In amongst all the emails yesterday going backwards and forwards between myself and the project manager was this,
"We received some test proofs yesterday to see how the artwork will harmonies with the 5th gold for the cover and endpapers. It looks lovely. Lovely, lovely, lovely."
Will be good to see that.

Tuesday, February 24, 2009

Revise, rework, recycle.


The power of the putty rubber! Rough amended with child now looking at the edge of the book.
Back cover rough to go with new front cover rough.

Monday, February 23, 2009

Front cover sketch again



Waiting to hear from publisher again.
Band across top and bottom would be red. Stars picked out in gold or silver foil.
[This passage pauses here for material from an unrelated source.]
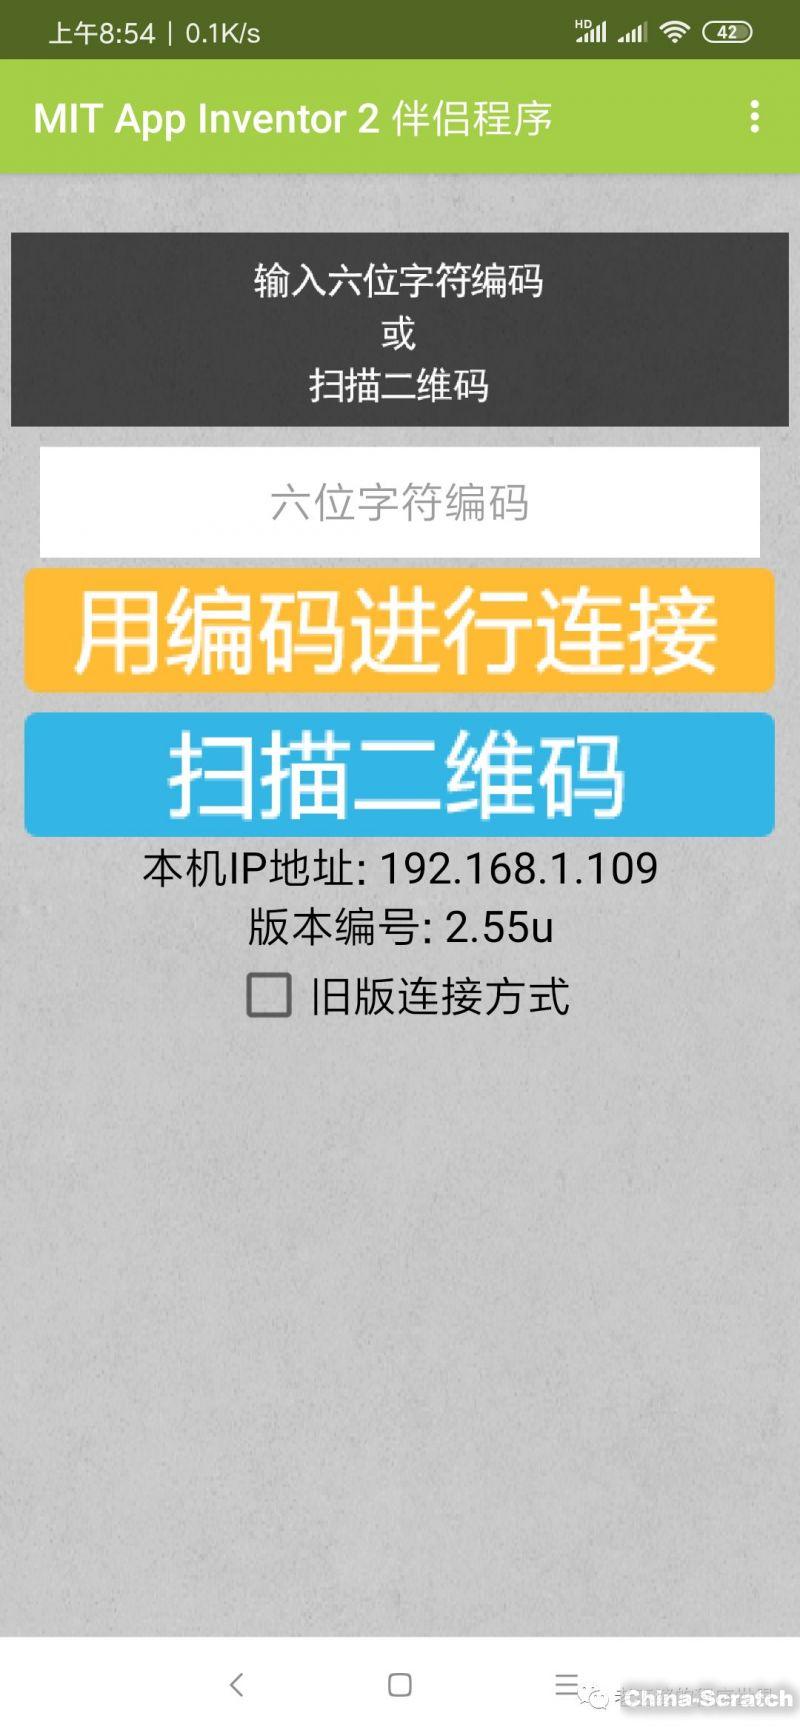 https://cdn.china-scratch.com/timg/191030/15491360a-4.jpg
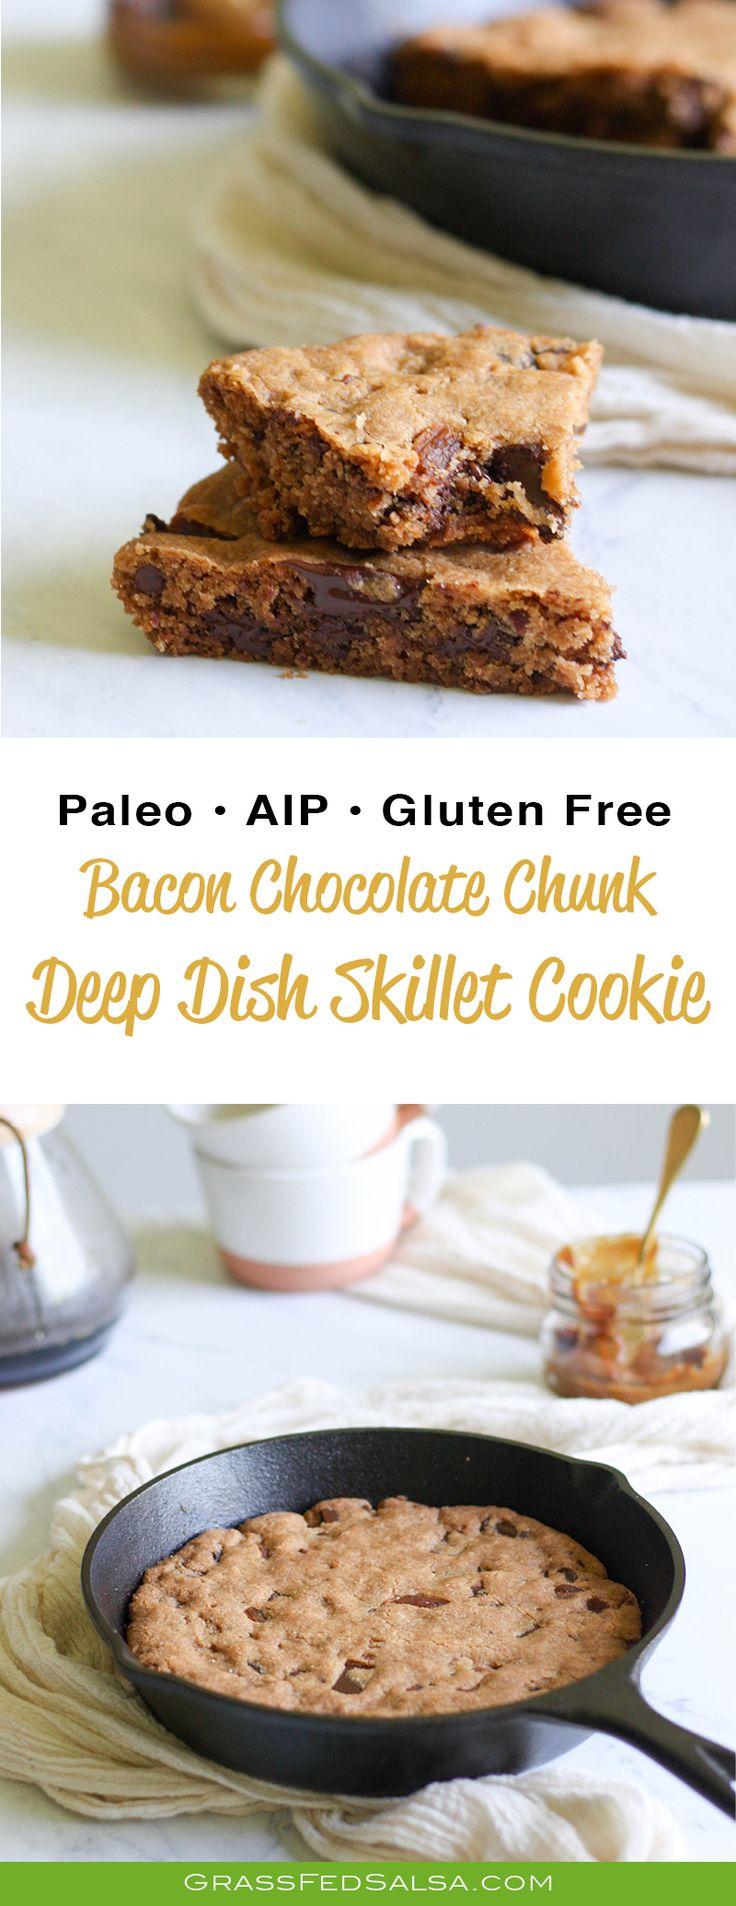 Bacon Chocolate Chunk Deep Dish Skillet Cookie recipe (Paleo, AIP, Gluten Free)

Sea serpent would be red.

Wednesday, February 18, 2009

In a pool above the sea by golden reeds



On Valentine's Day we walked from the beach to home, past Porth Melgan and the pool where soon there will be tadpoles. The reeds are golden and sing in the wind. I placed a boat in the water. We walked on, sopped for a while at The Gessail and watched porpoise rise through the ceiling of the sea to arc in shining dark arcs out of the calm waters. So beautiful, so peaceful.
Two days later I walked again to see if there would still be porpoises at the headland. Sure enough they were still there. So was the boat.


Poetry and paper boats

Written around this boat, lines from If You Forget Me by Paulo Neruda,


as if everything that exits,
aromas, light, metals,
were little boats that sail
towards those isles of yours that wait for me.